Unfortunately, not all access to drugs is a good thing from a public health perspective. Recent surges in the use of “bath salts” and other synthetic forms of illicit drugs are worrisome to physicians because of the terrible health consequences they can have on patients, including hallucinations, violent behavior and death. By classifying these dangerous products as Schedule I controlled substances, the new law will allow law enforcement officials to crack down on them in a way that was not possible under the sparse patchwork of state statutes that preceded it.

The law also will direct the Dept. of Health and Human Services to review federal initiatives on drug diversion to see where there might be gaps in prevention efforts. The comptroller general, meanwhile, will be tasked with investigating rogue online pharmacies that break the law and threaten patient safety.

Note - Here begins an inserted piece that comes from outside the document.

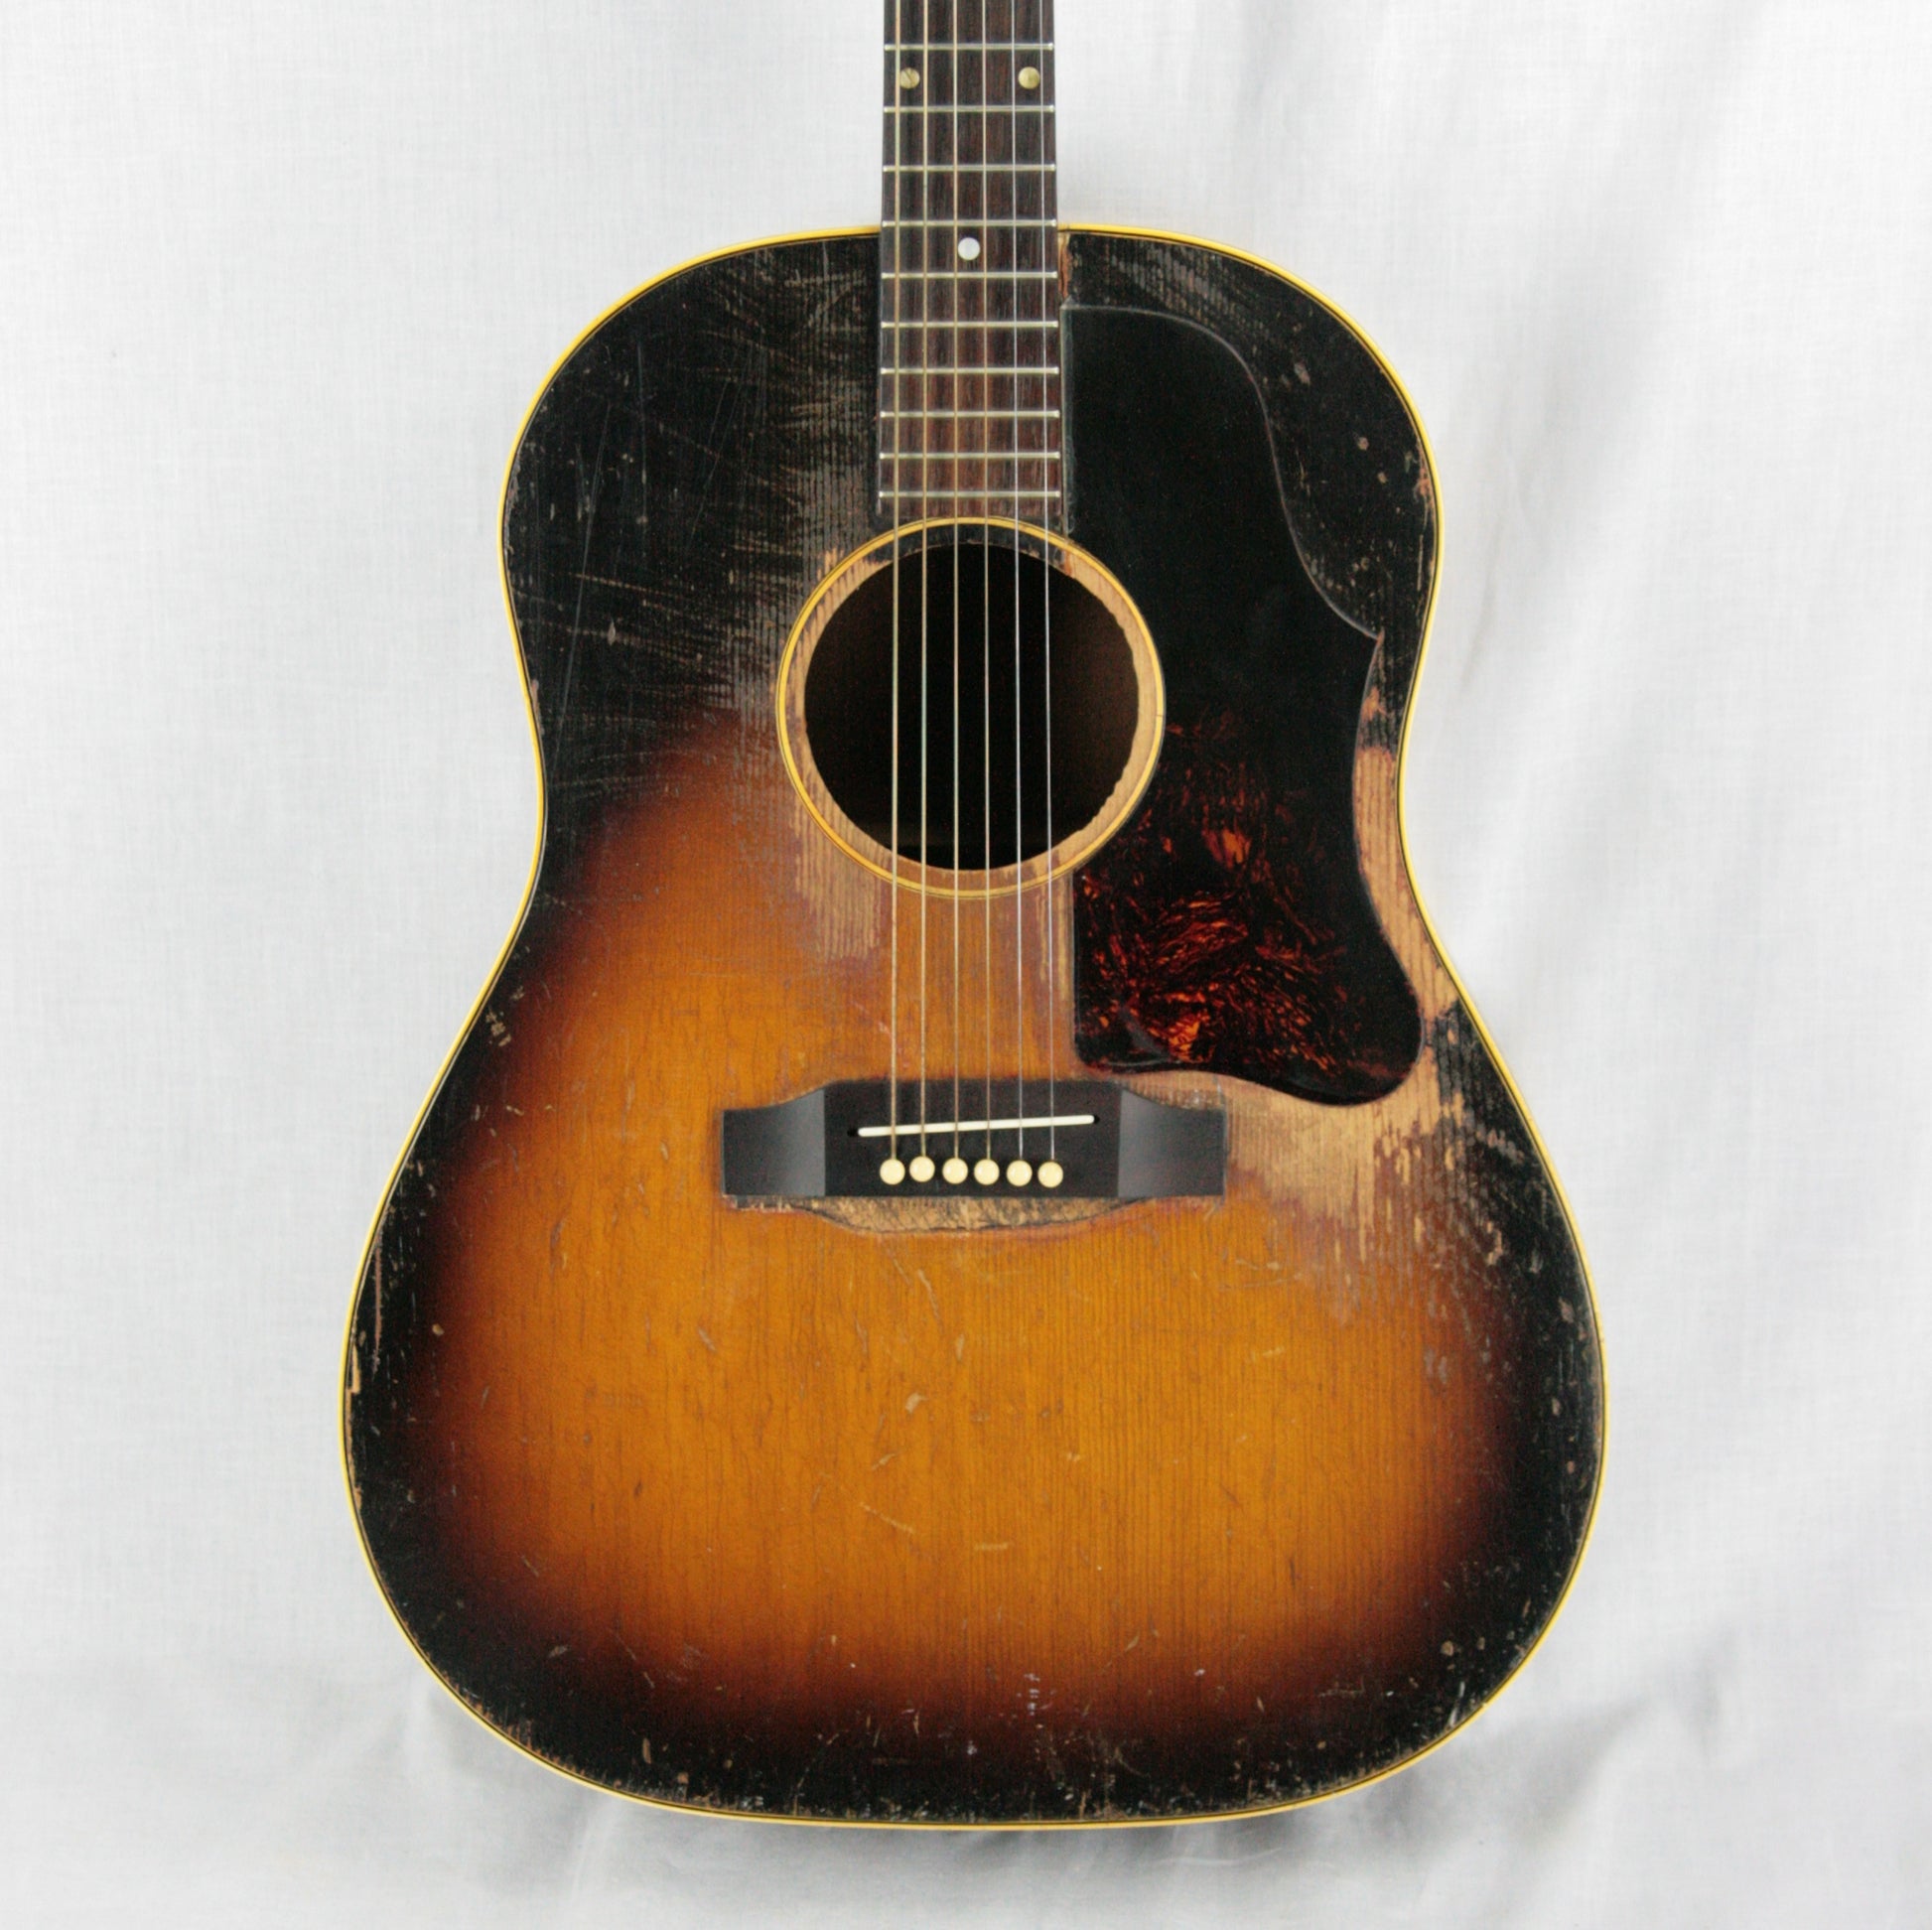 1950's Gibson J-45 well worn sunburst finish

There is a fine line, however, between stamping out prescription drug abuse and building up roadblocks to patients who truly need those medications. That’s why Congress did the right thing by holding off on a proposal to reclassify hydrocodone as a Schedule II controlled substance, at least until after HHS holds a public hearing with patients, physicians and other stakeholders to discuss the best way to proceed. Physicians take the issue of drug abuse and diversion very seriously, but they also worry that patients in some care settings who have acute pain would suffer unnecessarily waiting for the physician signature that would be needed to release the drug to them.

Physicians will be watching closely to see how the new federal law will be implemented. For instance, the statute does not explicitly include biologics along with conventional drugs in the list of crucial therapies for which drugmakers will be required to give advance warnings of possible shortages. But the FDA has the power to make that addition when it goes through the rulemaking process to implement the provisions in the law.

In the meantime, patients can rest a bit easier knowing there will be new protections in place to ensure that they and their loved ones will have access to the medications and other products that can bolster their health and sustain their lives.